GET THE APP

International Research Journals

International Research Journal of Biochemistry and Bioinformatics

All submissions of the EM system will be redirected to Online Manuscript Submission System. Authors are requested to submit articles directly to Online Manuscript Submission System of respective journal.

Review Article - International Research Journal of Biochemistry and Bioinformatics ( 2022) Volume 12, Issue 6

GlycoEnzOnto is ontology for glycoenzyme pathways and molecular functions.

Bella Edward*
 
Department of Biochemistry, Molecular and Cellular Biology, USA
 
*Corresponding Author:
Bella Edward, Department of Biochemistry, Molecular and Cellular Biology, USA, Email: edwardbella@rediff.com

Received: 02-Dec-2022, Manuscript No. IRJBB-22-84550; Editor assigned: 05-Dec-2022, Pre QC No. IRJBB-22-84550 (PQ); Reviewed: 19-Dec-2022, QC No. IRJBB-22-84550; Revised: 24-Dec-2022, Manuscript No. IRJBB-22-84550 (R); Published: 31-Dec-2022, DOI: 10.14303/2250-9941.2022.39

Abstract

The development of glycoproteomics techniques and technologies has made significant strides in recent years, which has led to a steady growth in the reported proteins, their associated glycans, and their glycosylation sites. However, relatively few of these reports end up in databases or other data storage systems. One of the main causes is the lack of a digital standard for representing glycoproteins and the difficult glycan annotations. Such a standard must be able to store not only single glycans but also glycoforms on a specific glycosylation site, deal with partially missing site information if no site mapping was done, and store abundances or ratios of glycans within a glycoform of a specific site, depending on the experimental method (Tsankova 2006). We created the GlycoConjugate Ontology (GlycoCoO) as a common semantic framework to characterise and represent glycoproteomics data in order to enable the aforementioned. GlycoCoO may be used as the foundation for data sharing formats and to encode glycoproteomics data in triplestores.

Keywords

Glycoconjugate, Glycolipid, Glycoprotein, Ontology

INTRODUCTION

Glycobiology is the study of saccharides, which are found abundantly throughout nature and are also known as carbohydrates, sugar chains, or glycans. Given that glycobiology includes some of the most significant posttranslational modifications of proteins, it is important to comprehend how the relatively few genes in a typical genome can result in the enormous biological complexity necessary for the development, growth, and function of a variety of organisms. In the building of complex multicellular organs and animals, which needs interactions between cells and the surrounding matrix, the biological functions of carbohydrates are particularly apparent (Lubin 2008). Every cell and countless macromolecules in nature have a variety of covalently linked glycans; there is no known exception (albeit glycans can also be freestanding entities). In order to regulate or mediate a variety of events in cell-cell, cell-matrix, and cell-molecule interactions crucial to the development and function of a complex multicellular organism, such as cellular activation, embryonic development, differentiation, and malignancy, glycoproteins are frequently found on the cell membrane or secreted (Lubin et al., 2008). As an example, they can moderate interactions between a host and a parasite, disease, or symbiont. To increase our understanding of biological systems, it is crucial to comprehend the functions of glycans, variations in glycoforms/abundance of glycans, and site-occupancy. Glycobiologists now have a greater understanding of the roles that glycoproteins play because to advancements in bioinformatics tools and databases, including data standards and interoperability (Jakobsson 2008).
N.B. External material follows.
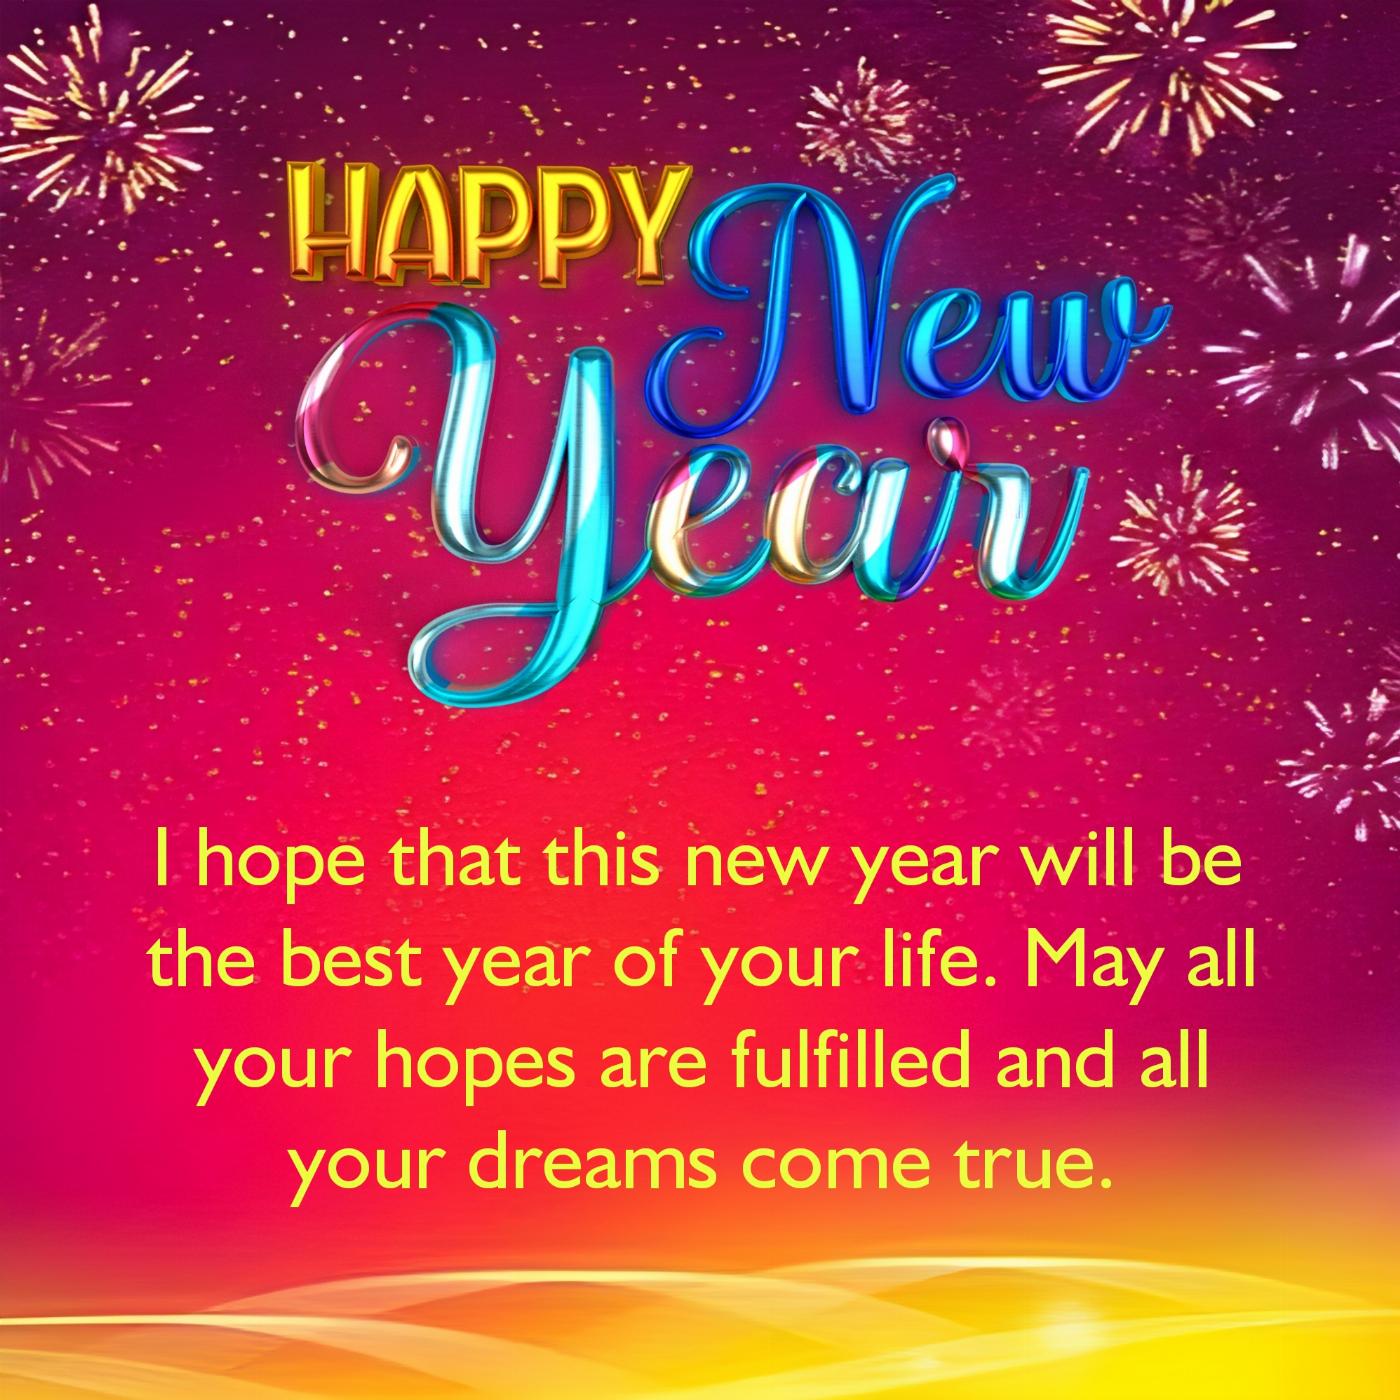 I hope that this new year will be the best year of your life

Several projects over the past few decades have catalogued and arranged data on glycans in databases. These initiatives had their start with CarbBank, a glycan structure database project that was begun in 1987 but stopped operating in 1997 owing to a lack of financing. The database's final edition included 50,000 entries with over 23,000 glycan sequences and related biological context, experimental approach, and publishing data (Denning et al., 2012). Following database projects, such as the Kyoto Encyclopedia of Genes and Genomes (KEGG) Glycan, the US Consortium for Functional Glycomics (CFG), GlycoSuiteDB, UniCarbKB, Carbohydrate Structure Database (CSDB), GlycomeDB, and EUROCarbDB, have used this data set to seed new databases with a fundamental set of glycan structure records (Johnsen et al., 2016).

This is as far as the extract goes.